CHRISTMAS INTERLUDE

    This year for me the holidays involved closing on the house - thanks to my status as a 1099 contractor and the current state of the credit markets this turned out to be the single most difficult business transaction I have ever been involved in, bar none.

    The rest of my Christmas break - the past couple of weeks - involved The Big Move; lifting furniture up and down stairs all day, Wifee's pottery operation (work benches, spinning wheels, boxes full of clay that weigh about 50lbs each, and not one but TWO kilns), all of my tools and work benches, the boat, the tractor, lifting and unpacking a thousand boxes and one of the most dreaded activities known to Man - hanging curtain rods.

    Still it's all been worth it; we're in a FANTASTIC property in a GREAT location and as an added bonus this is the ONLY Christmastime where I have LOST ten pounds, versus the usual ten-to-fifteen weight gain.

    Somewhere in between all of the above and a million trips back and forth to Lowe's, Daughter #1 and I were tooling down the road in the Fahrvergnügen;

    "So, like, I friended him on Facebook and I let him friend me and then I downloaded some freewear and a bunch of share tunes on my iPod and then I checked in on My Sims and . . . blah, blah, blah . . ."

    Suddenly a Close Encounter of the 70's Kind . . . a rare relic from the Decade of Disco:



    "Excuse me Daughter, please direct your attention to the car in front of us."

    "What . . . IS . . . it?"

    "That, young lady, is a Dodge Dart. 1973 or 74, I'd say, judging by the tail lights."

    "It . . . it . . . has no . . . STYLE."

    "Au contraire, Little Lady - it has nothing BUT style. Look at that trunk . . ."

    "It's HUGE."

    "It's small, actually, by the standards of it's day. Look at that bumper."

    "It's . . . it's . . ."

    "It's chrome-plated, 8-gauge Detroit STEEL is what it is - not like the $2500 piece o' plastic they've got on these things we're rolling around in nowadays. You bump into that bumper, it'll TALK to ya . . ."

    "Woah."

    "225 cubic inch, slant-six, three on the tree . . . "

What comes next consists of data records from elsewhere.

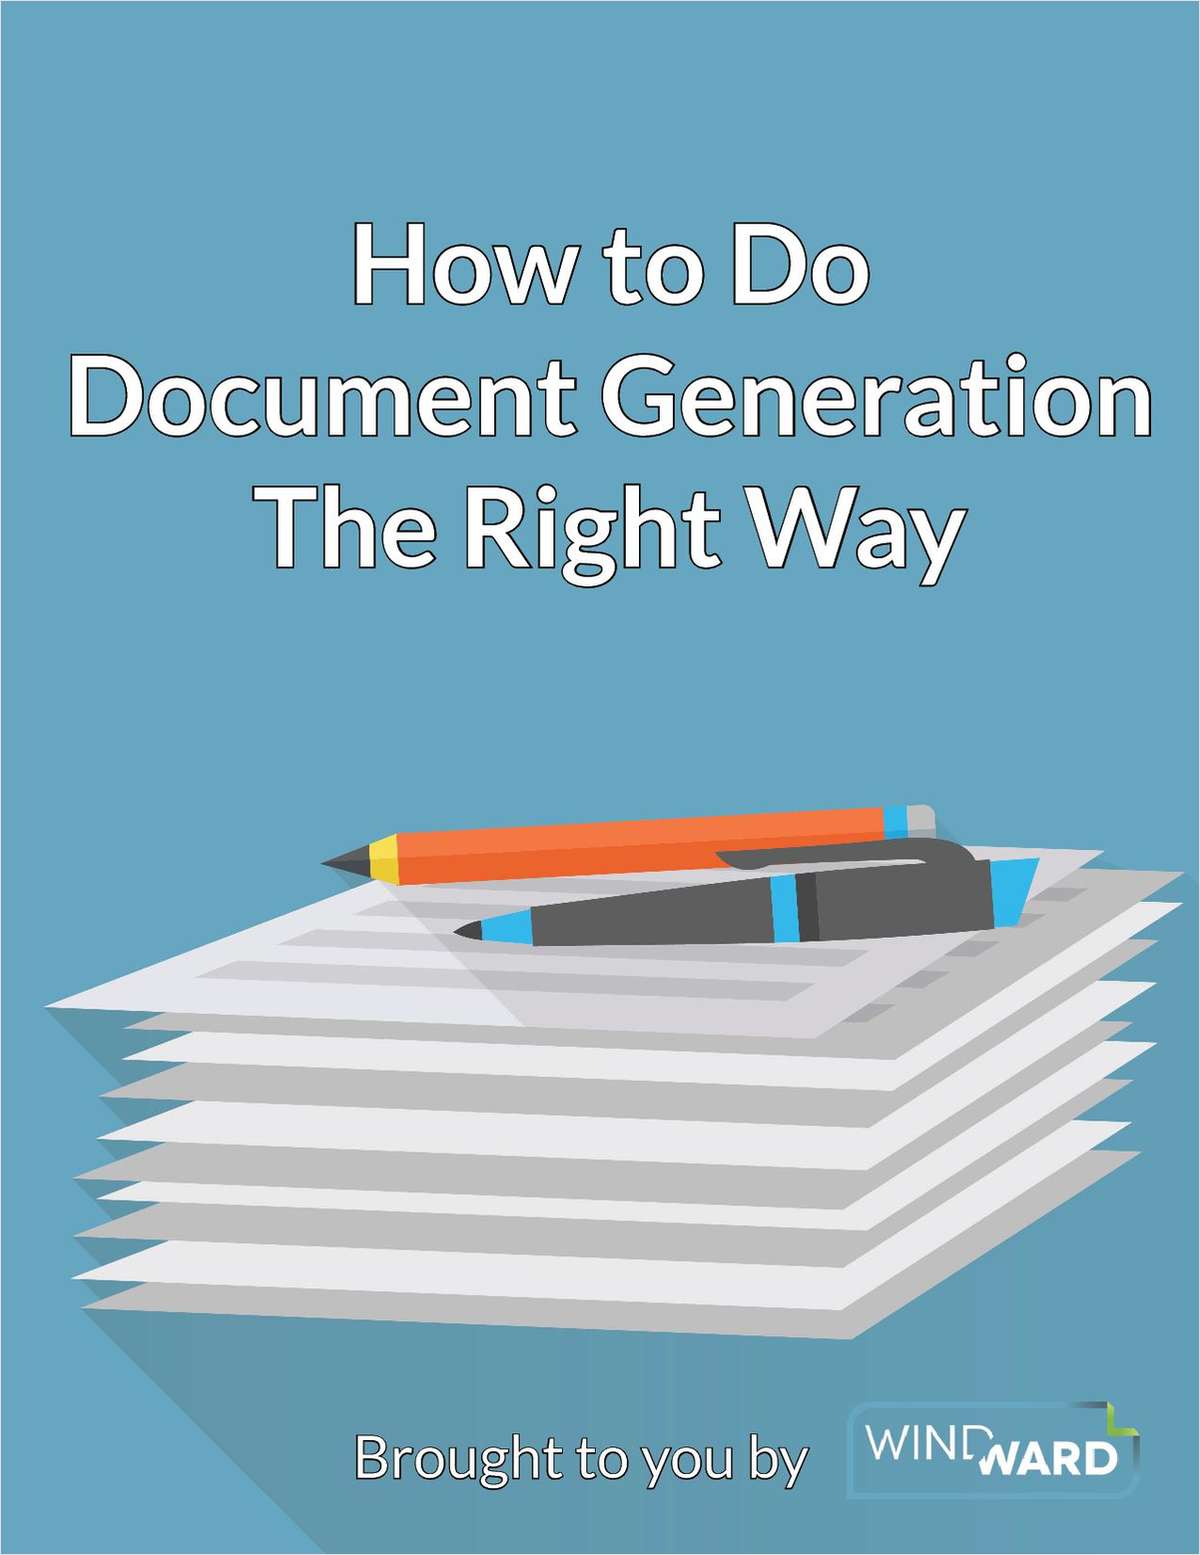 Tips and Tricks for Great Document Generation
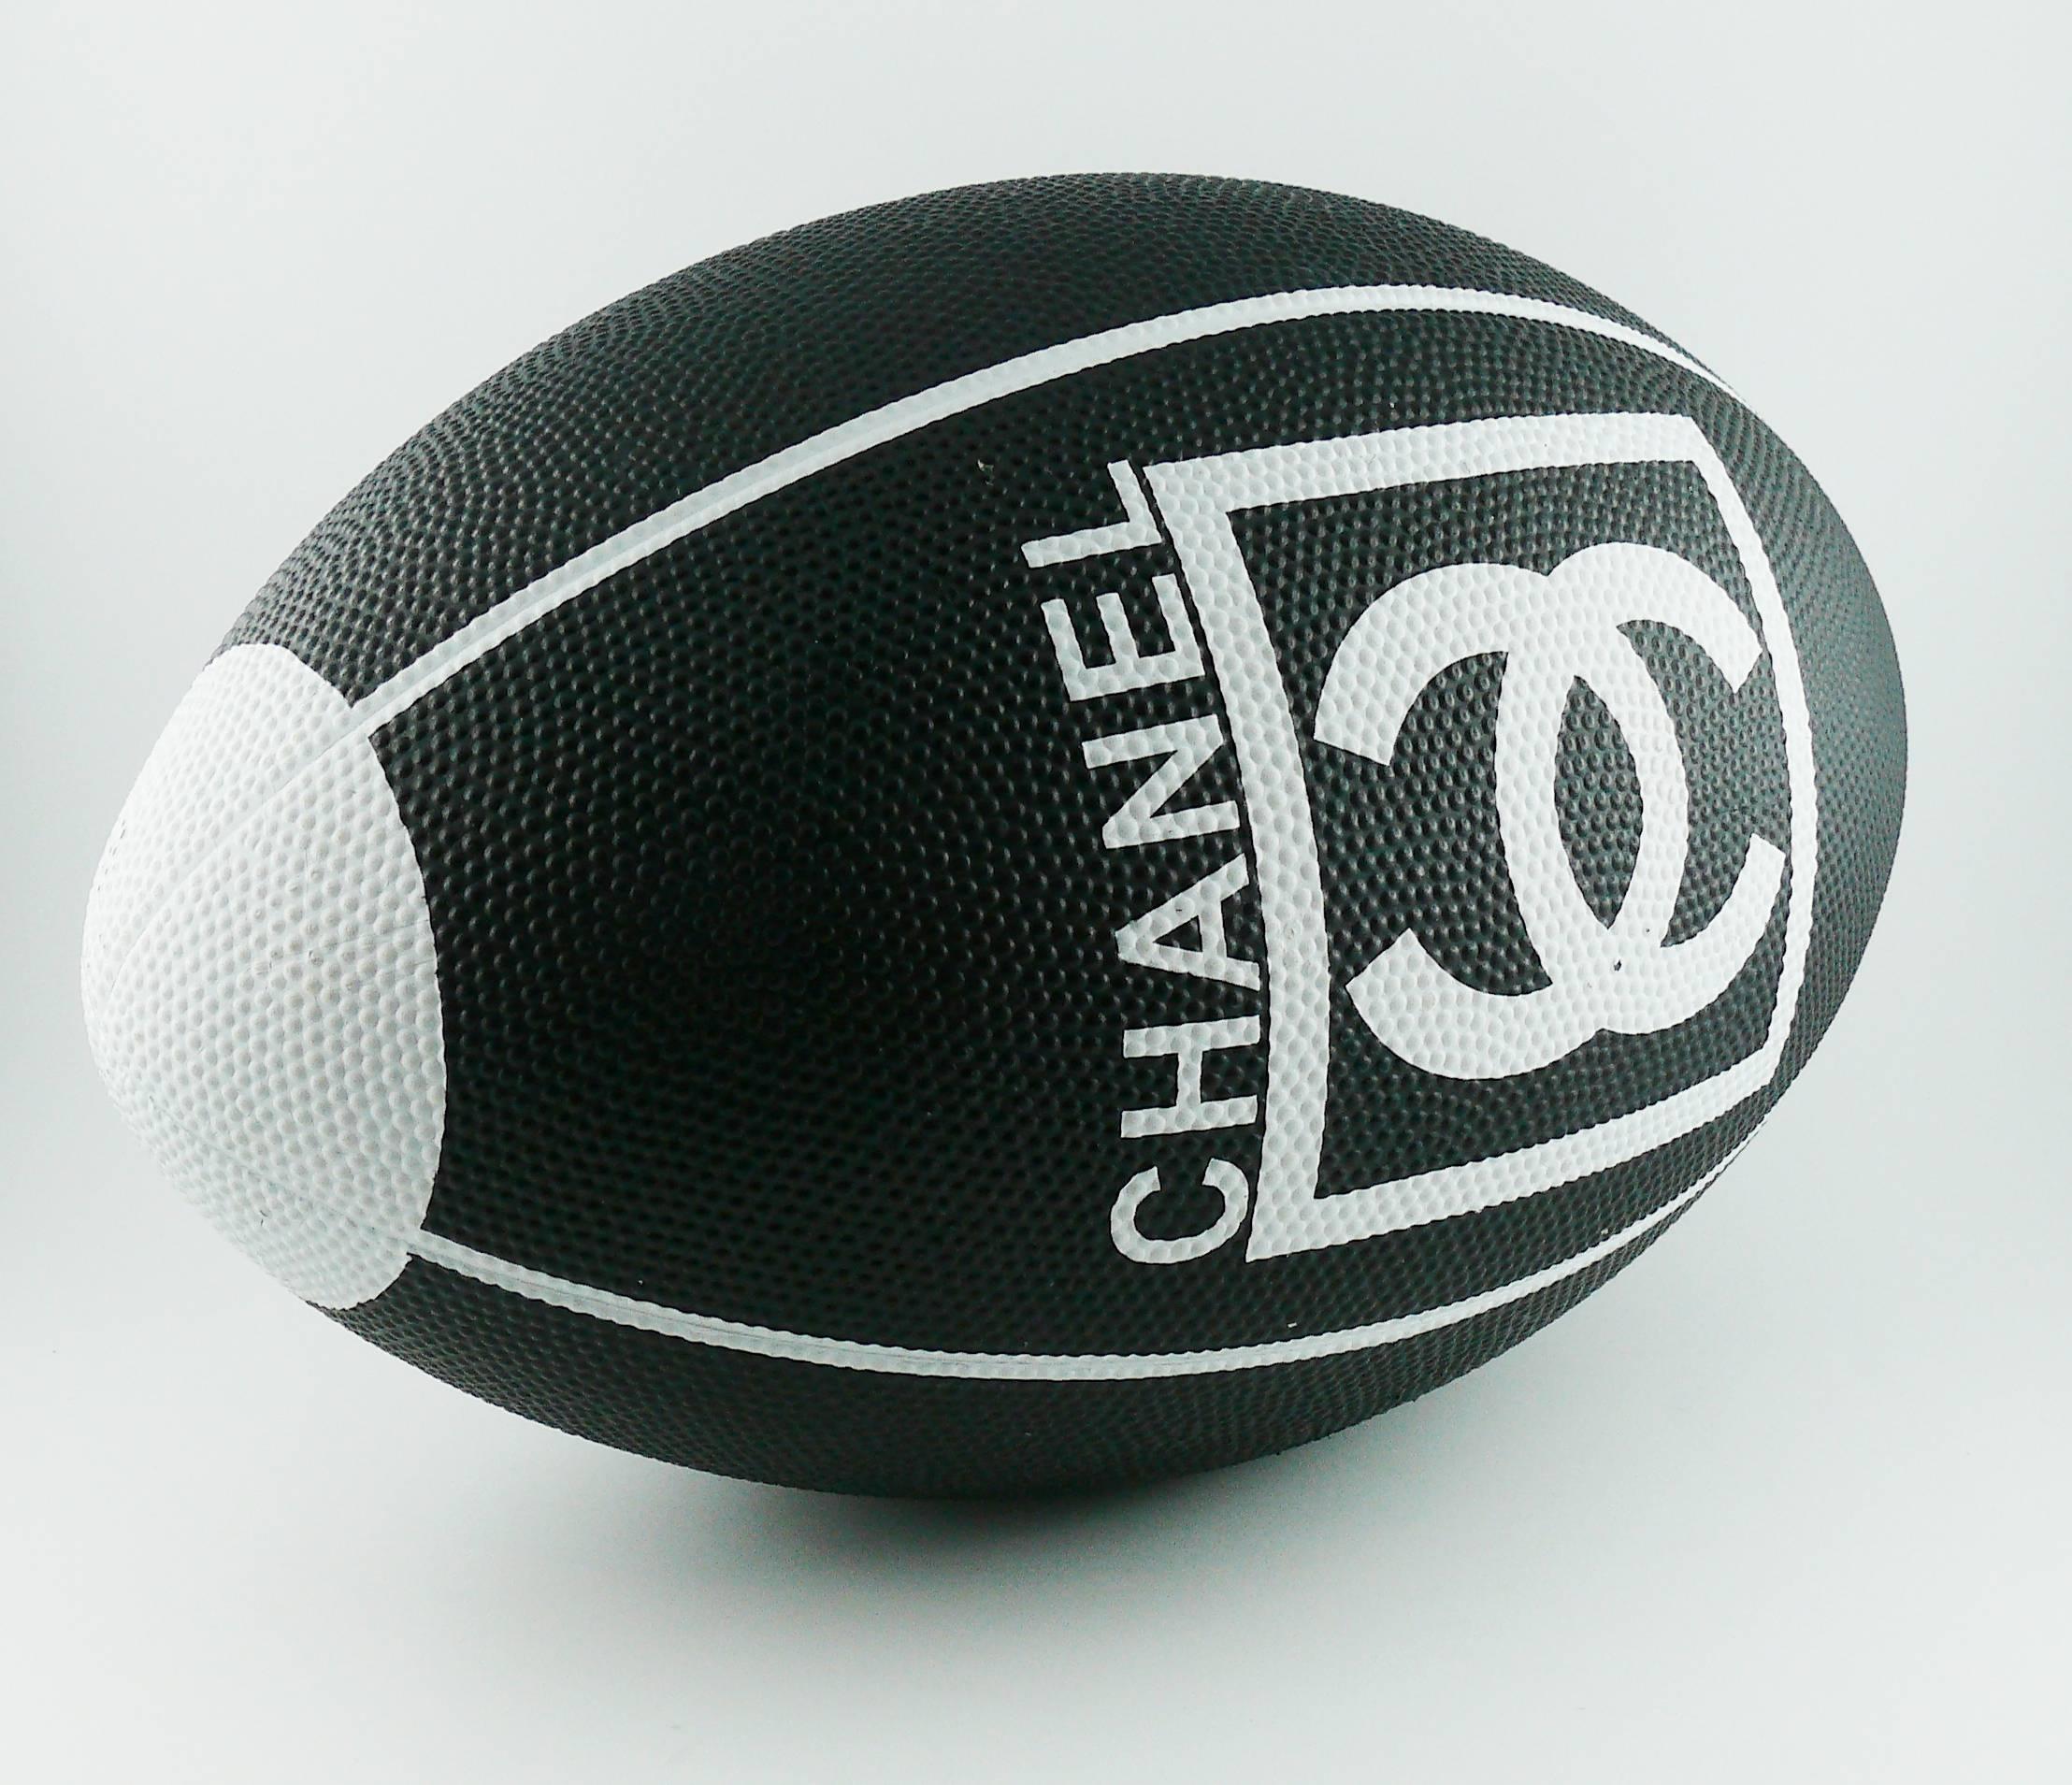 CHANEL rare collector black and white grained rubber rugby ball.

Limited edition manufactured to celebrate the 2007 Rugby World Cup in France.

Indicative measurements : length approx. 28.5 cm (11.22 inches).

NOTES
- This is a preloved
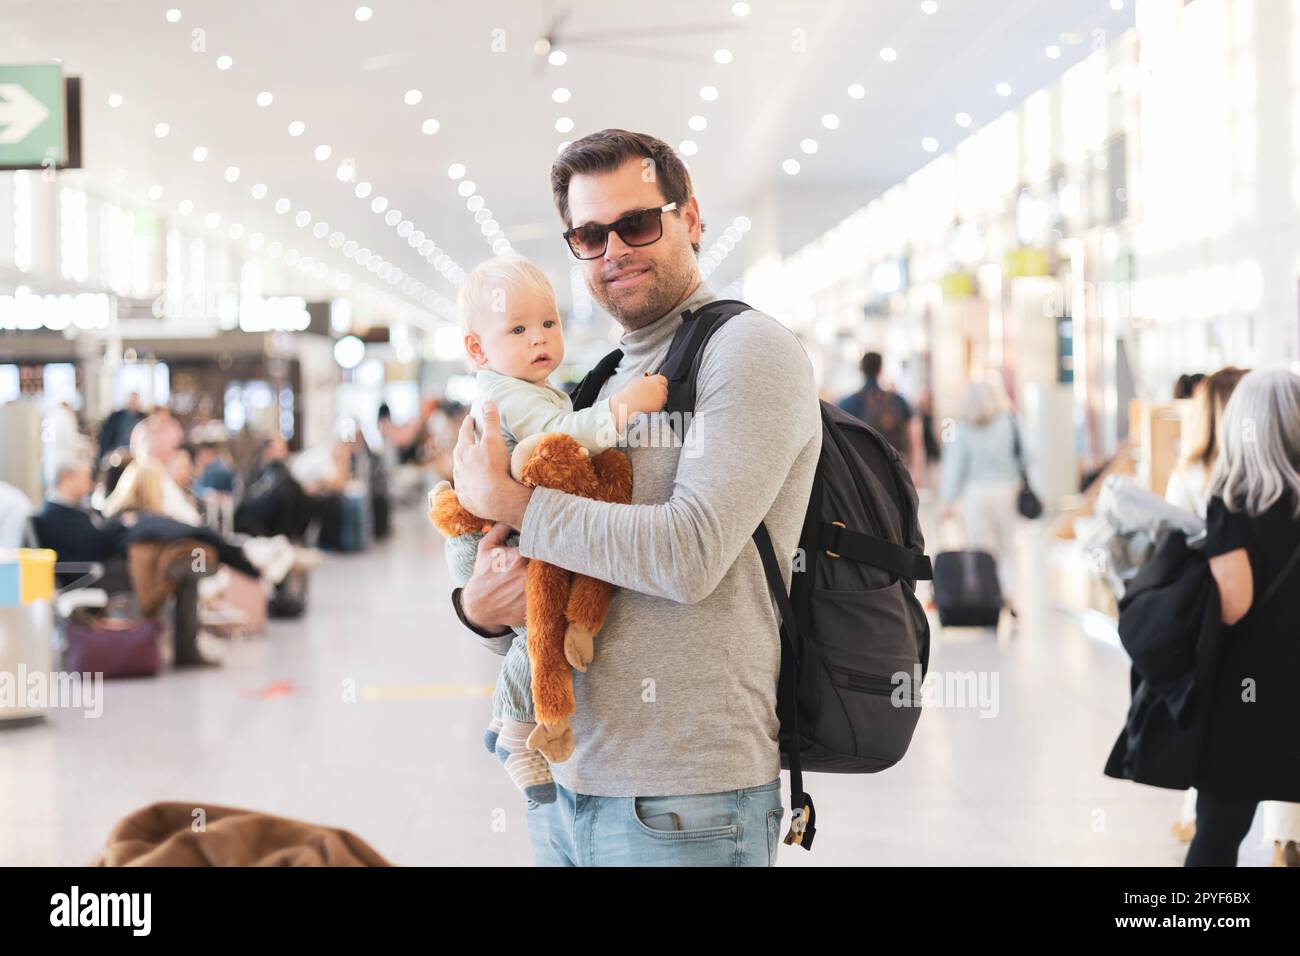 Father traveling with child, holding his infant baby boy at airport terminal waiting to board a plane. Travel with kids concept. Stock Photo
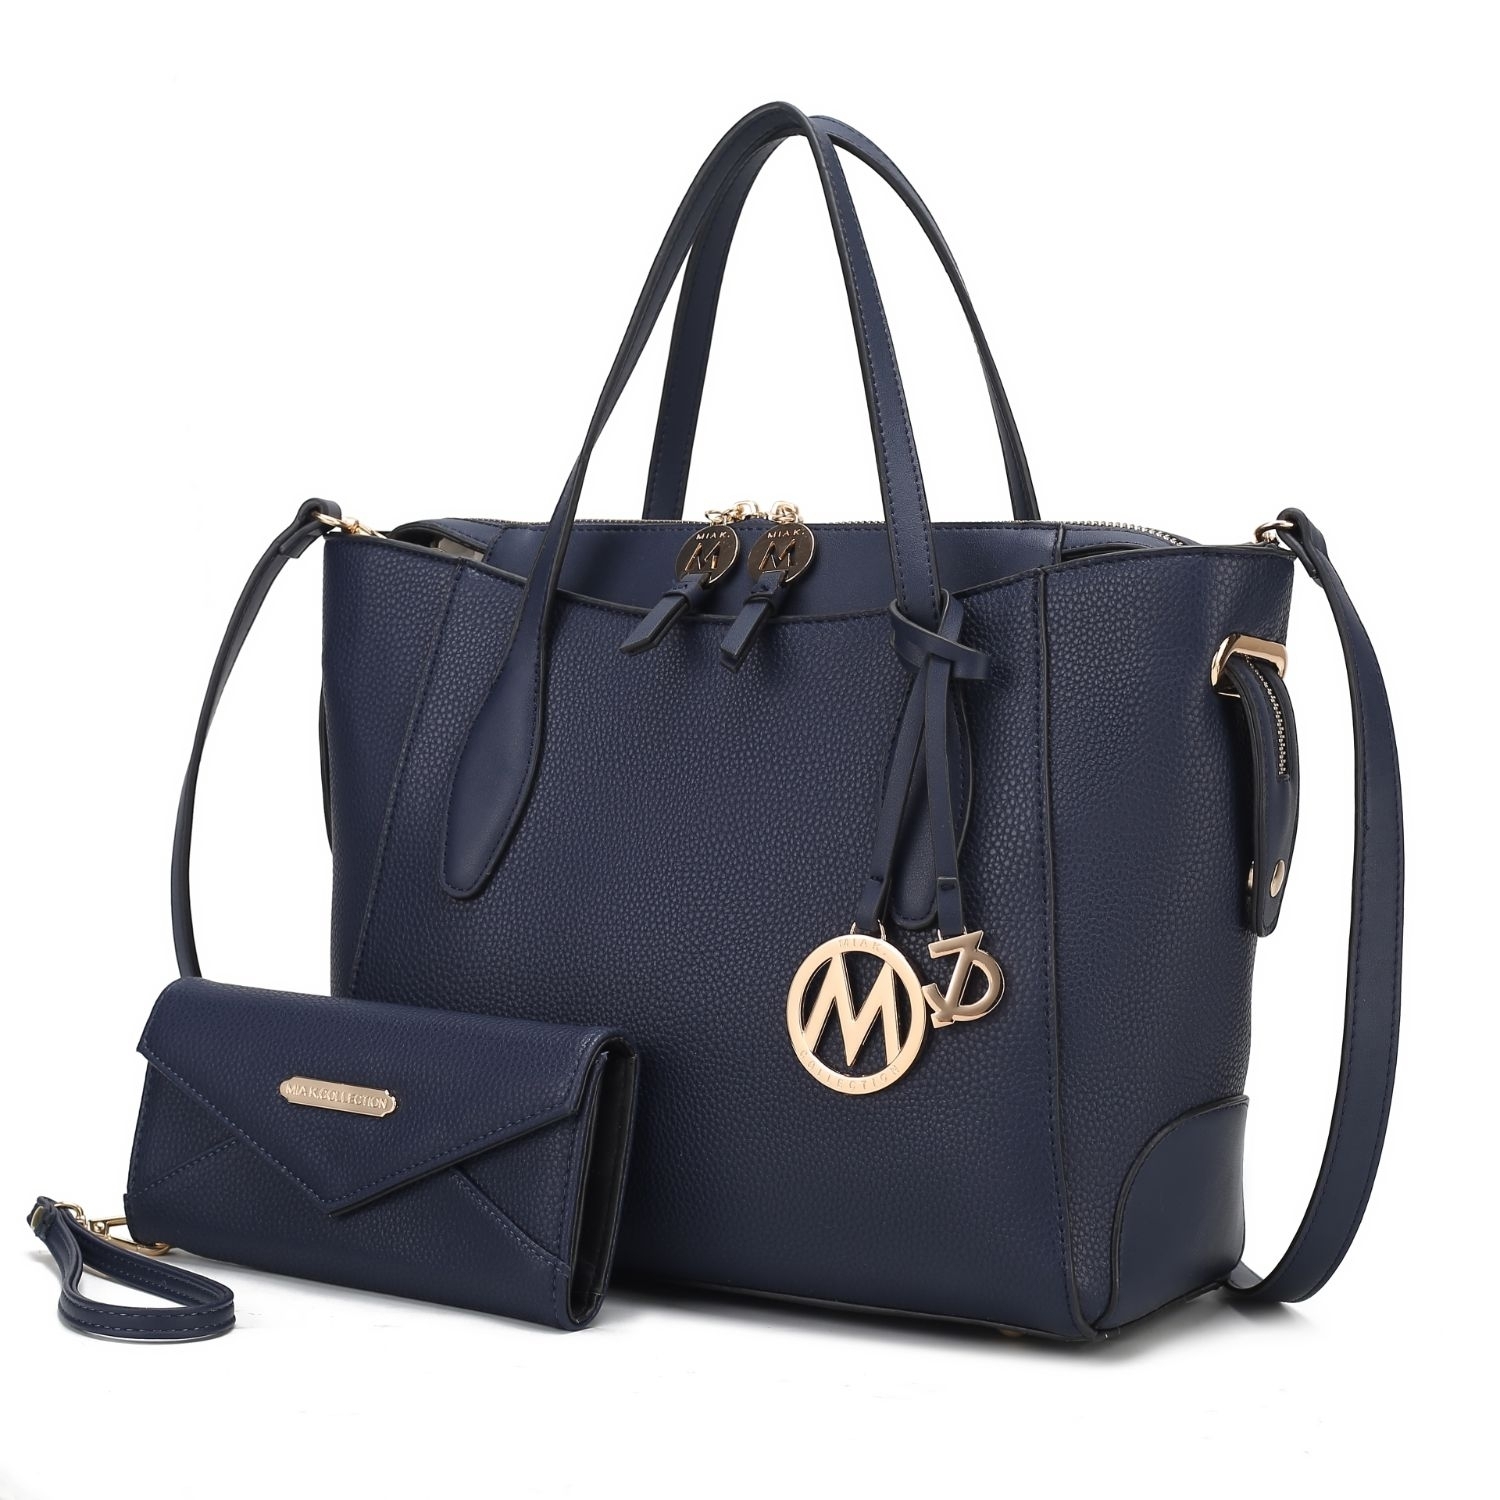 MKF Collection Bruna Vegan Leather Women's Tote Bag With Wallet -2 Pieces By Mia K - Navy

    "You can tell all that just from looking at the TAILLIGHTS ? ? ? "

    "Actually, yes I can."

    "How . . . how can you DO that, Dad?"

    "Because, Little Lady, that was back when cars were REAL . . . and I was THERE."

























    The 70's - what little of it we can remember . . .



    . . . we don't even TRY to understand.